Bambery P, Sakhuja V, Gupta A, Behera D, Kaur U, Bhusnurmath S R, Jindal S K, Malik S K, Deodhar S D, Chugh K S
Department of Internal Medicine, Postgraduate Institute of Medical Education and Research, Chandigarh, India.
Rheumatol Int. 1987;7(6):243-7. doi: 10.1007/BF00270523.
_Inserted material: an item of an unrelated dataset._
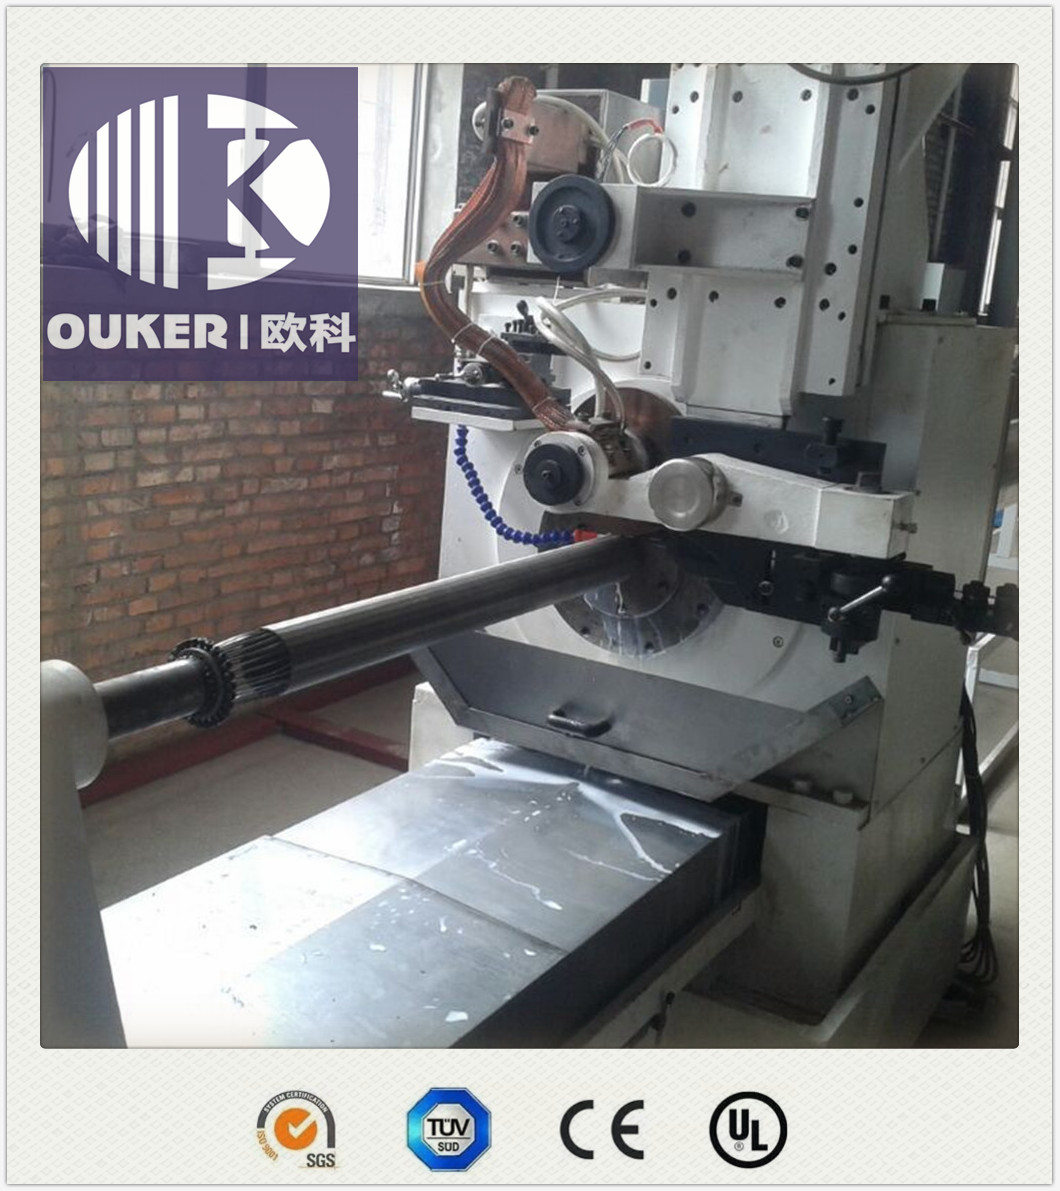 Ouker wire mesh high precision wire wrapped screen welding machine

Eleven patients with Wegener's granulomatosis were seen at this Institute over a period of 20 years. There were six men and five women. The average age of presentation was 38.3 years, and the mean duration of symptoms was 10.5 months. Constitutional symptoms (82%), cough (82%), ocular symptoms (64%), arthralgias (55%), rhinorrhoea (55%), haemoptysis (45%), nasal granuloma (45%), otorrhoea (36%), sinusitis (36%), skin lesions (27%), and renal failure (27%) were the clinical manifestations encountered. All patients had an elevated ESR, and 55% had leucocytosis. Proteinuria and haematuria were observed in 64% and 55% respectively. Chest radiographs were abnormal in 82%. In four patients the disease had a fulminant course and the patients died before adequate treatment was given. Two patients received corticosteroids alone and have since been lost to follow up. Five (45%) received adequate cytotoxic therapy and have done well for 8-46 months (mean, 24.8 months) after diagnosis. Wegener's granulomatosis in India is apparently similar to that seen elsewhere, but the high incidence of tuberculosis interferes with early diagnosis and treatment.
在20年的时间里,该研究所共接诊了11例韦格纳肉芽肿患者。其中男性6例,女性5例。就诊时的平均年龄为38.3岁,症状的平均持续时间为10.5个月。临床表现包括全身症状(82%)、咳嗽(82%)、眼部症状(64%)、关节痛(55%)、流涕(55%)、咯血(45%)、鼻肉芽肿(45%)、耳漏(36%)、鼻窦炎(36%)、皮肤病变(27%)和肾衰竭(27%)。所有患者的血沉均升高,55%的患者有白细胞增多。分别有64%和55%的患者观察到蛋白尿和血尿。82%的胸部X光片异常。4例患者病情呈暴发性,在给予充分治疗前死亡。2例患者仅接受了皮质类固醇治疗,此后失去随访。5例(45%)接受了充分的细胞毒性治疗,诊断后8 - 46个月(平均24.8个月)情况良好。印度的韦格纳肉芽肿显然与其他地方所见相似,但结核病的高发病率干扰了早期诊断和治疗。